How to self-host a TensorFlow.js model
The various TensorFlow.js model libraries
will download the pretrained models from the web when your application launches.
Taking an example from an earlier post,
if you load the BodyPix library with the following config,
it will download 24 files from storage.googleapis.com
,
totalling a hefty 91MB!
const net = await bodyPix.load({
architecture: 'ResNet50',
outputStride: 16,
quantBytes: 4
});
If you’re developing an offline application, you may want to store this model locally, rather than downloading it every time your application starts. Here’s how to self-host a TensorFlow.js model.
The BodyPix library determines a model URL like the following:
https://storage.googleapis.com/tfjs-models/savedmodel/bodypix/resnet50/float/model-stride16.json
Notice the model URL depends on your config.
For example, if you change outputStride: 16
to outputStride: 32
,
it will download a different model.
TensorFlow.js model libraries like BodyPix will accept a modelUrl
parameter,
which overrides the calculated URL.
For example, you can launch BodyPix like this:
const net = await bodyPix.load({
architecture: 'ResNet50',
outputStride: 16,
quantBytes: 4,
modelUrl: '/path/to/my/model-stride16.json'
});
Caution: if your model URL doesn’t match your other load()
config,
you’ll get undefined behavior!
Decide on your desired config,
then check which file it downloads,
and grab that one.
But just downloading the JSON file is not enough.
TensorFlow.js will then try to download lots of other files, which will 404.
The file at model-stride16.json
is just a “manifest”,
describing the shape of the model,
and linking out to binary files that contain the weights for the model.
We need to download these binary files, too. You could do this by trial and error, or by looking at the manifest. There’s no spec or description of this “graph model” format, but we can reverse-engineer it.

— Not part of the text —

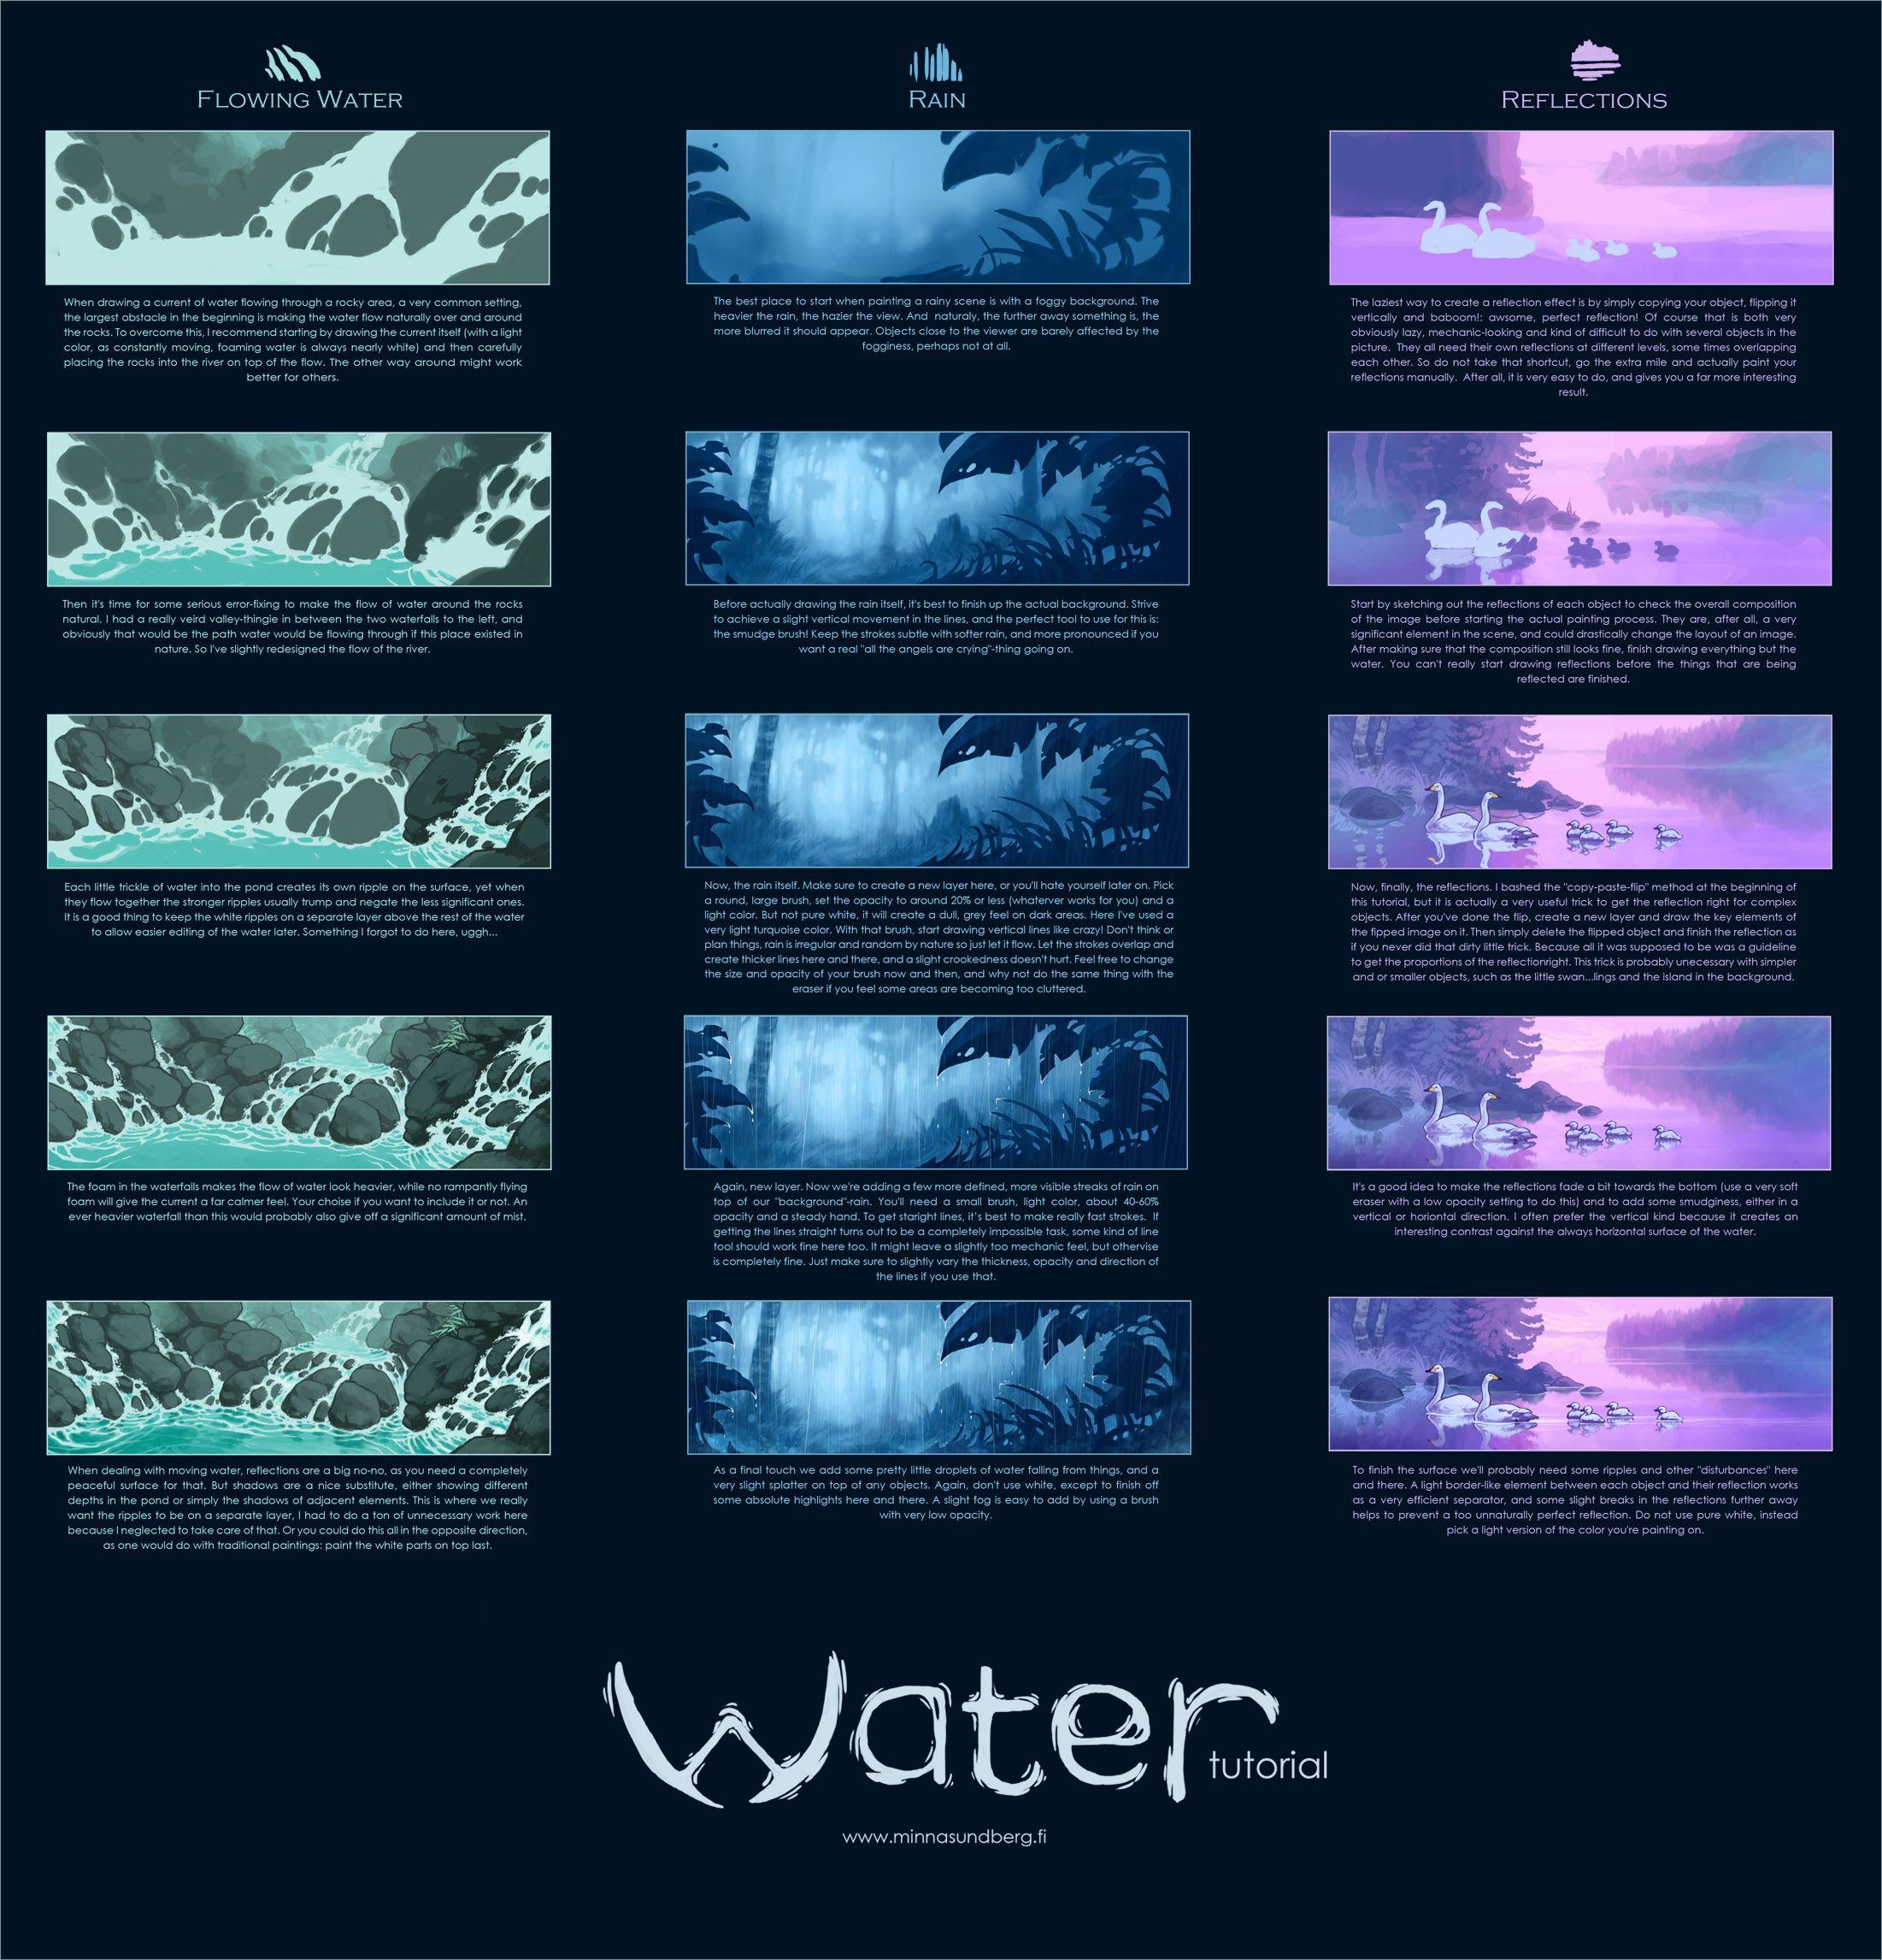 Digital painting art show_ ocean water youtube.

The manifest is a JSON file like this:
{
format: 'graph-model',
generatedBy: '1.15.0-dev20190802',
convertedBy: 'TensorFlow.js Converter v1.2.6',
modelTopology: {
node: [Array],
library: {},
versions: { producer: 114 }
},
weightsManifest: [
{
paths: [
'group1-shard1of23.bin', 'group1-shard2of23.bin',
'group1-shard3of23.bin', 'group1-shard4of23.bin',
'group1-shard5of23.bin', 'group1-shard6of23.bin',
'group1-shard7of23.bin', 'group1-shard8of23.bin',
'group1-shard9of23.bin', 'group1-shard10of23.bin',
'group1-shard11of23.bin', 'group1-shard12of23.bin',
'group1-shard13of23.bin', 'group1-shard14of23.bin',
'group1-shard15of23.bin', 'group1-shard16of23.bin',
'group1-shard17of23.bin', 'group1-shard18of23.bin',
'group1-shard19of23.bin', 'group1-shard20of23.bin',
'group1-shard21of23.bin', 'group1-shard22of23.bin',
'group1-shard23of23.bin'
],
weights: [Array]
}
]
}
The relevant part for self-hosting is the paths
.
We can get these with model.weightsManifest.flatMap(w => w.paths)
.
The paths are URLs, relative to the manifest file.

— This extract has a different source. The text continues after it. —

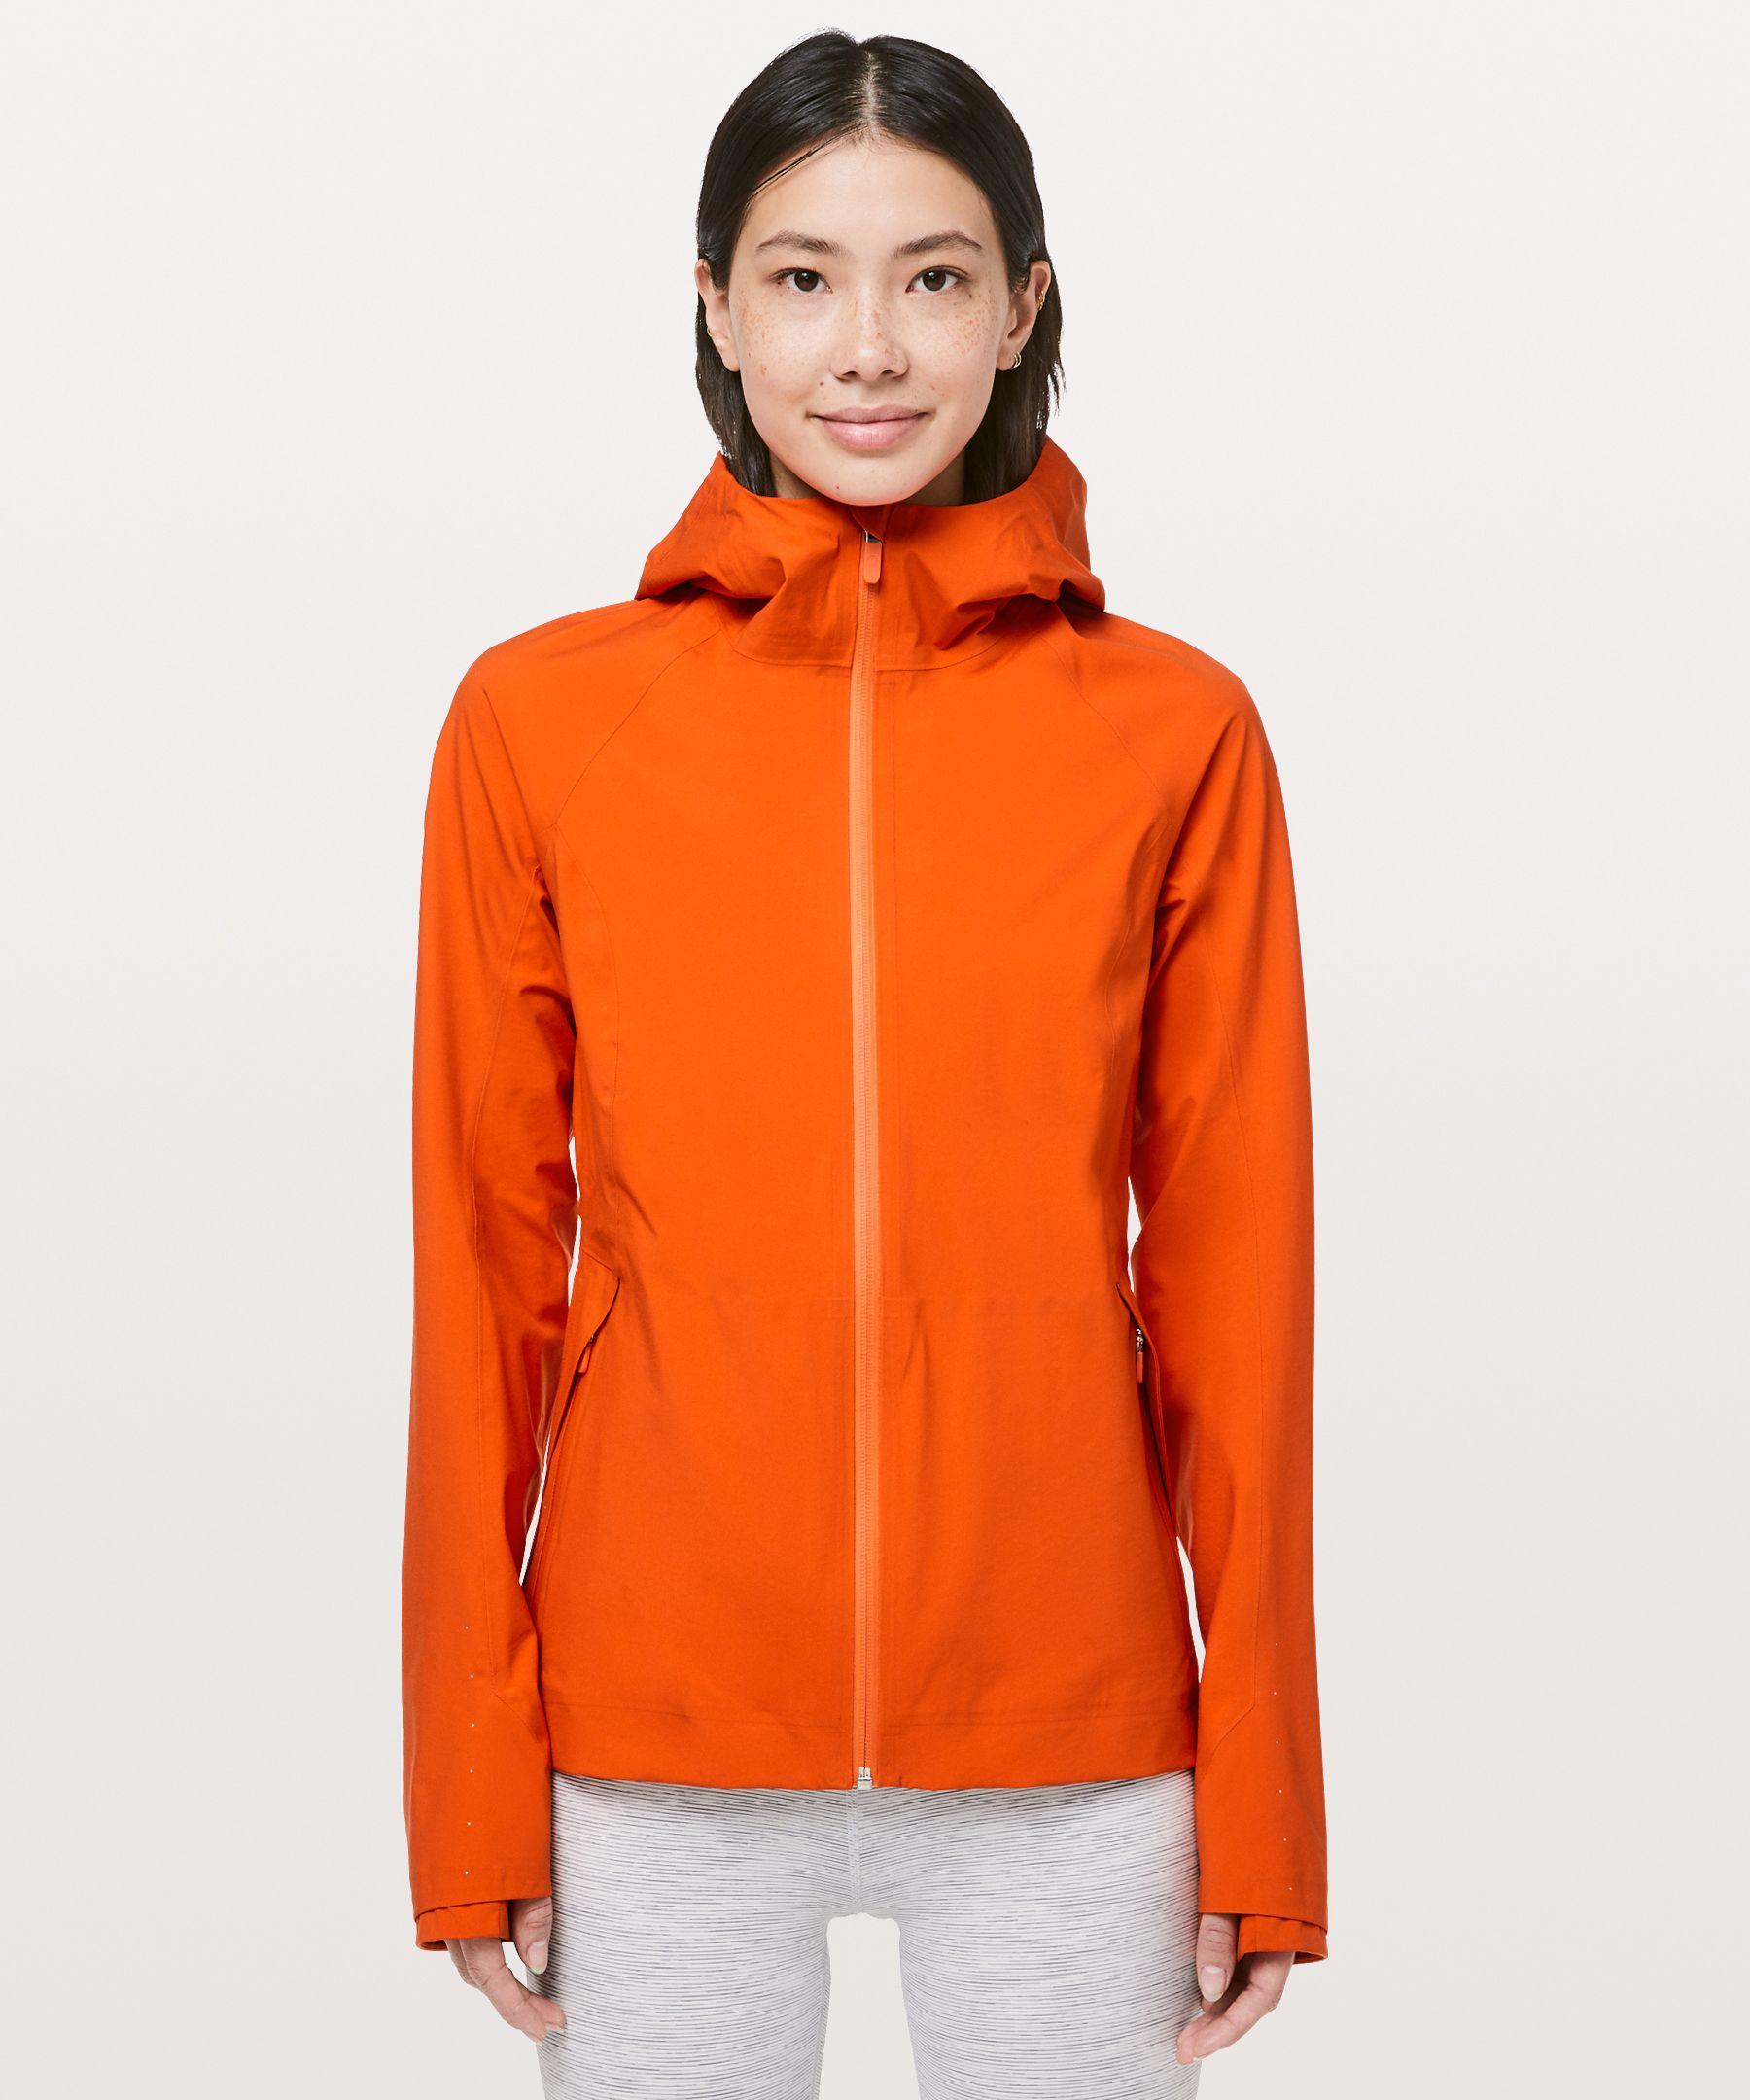 Lululemon The Rain Is Calling Jacket Ii In Atomic Orange

For example, this is a URL to one of the .bin
files:
https://storage.googleapis.com/tfjs-models/savedmodel/bodypix/resnet50/float/group1-shard1of23.bin
Here’s a script that, given the URL to a manifest, will download the manifest and the weights:
#!/usr/bin/env node
const fs = require('fs');
const util = require('util');
const stream = require('stream');
const path = require('path');
const fetch = require('node-fetch');
const pipeline = util.promisify(stream.pipeline);
async function download(url, filepath) {
console.log(`Downloading ${url} to ${filepath}`);
const res = await fetch(url);
await pipeline(res.body, fs.createWriteStream(filepath));
console.log(`Downloaded ${filepath}`);
}
async function downloadTensorFlowJsGraphModel(url, manifestFilepath) {
await download(url, manifestFilepath);
const model = JSON.parse(fs.readFileSync(manifestFilepath));
await Promise.all(
model.weightsManifest
.flatMap(w => w.paths)
.map(relativePath => download(
new URL(relativePath, url),
path.join(path.dirname(manifestFilepath), relativePath)
)));
}
if (process.argv.length == 4) {
downloadTensorFlowJsGraphModel(
process.argv[2],
process.argv[3]
);
} else {
console.log(`Usage: download-tfjs-model <manifestUrl> <manifestFilepath>`);
}
To download the model,
the BodyPix library calls loadGraphModel
,
which is implemented in the core TensorFlow.js library.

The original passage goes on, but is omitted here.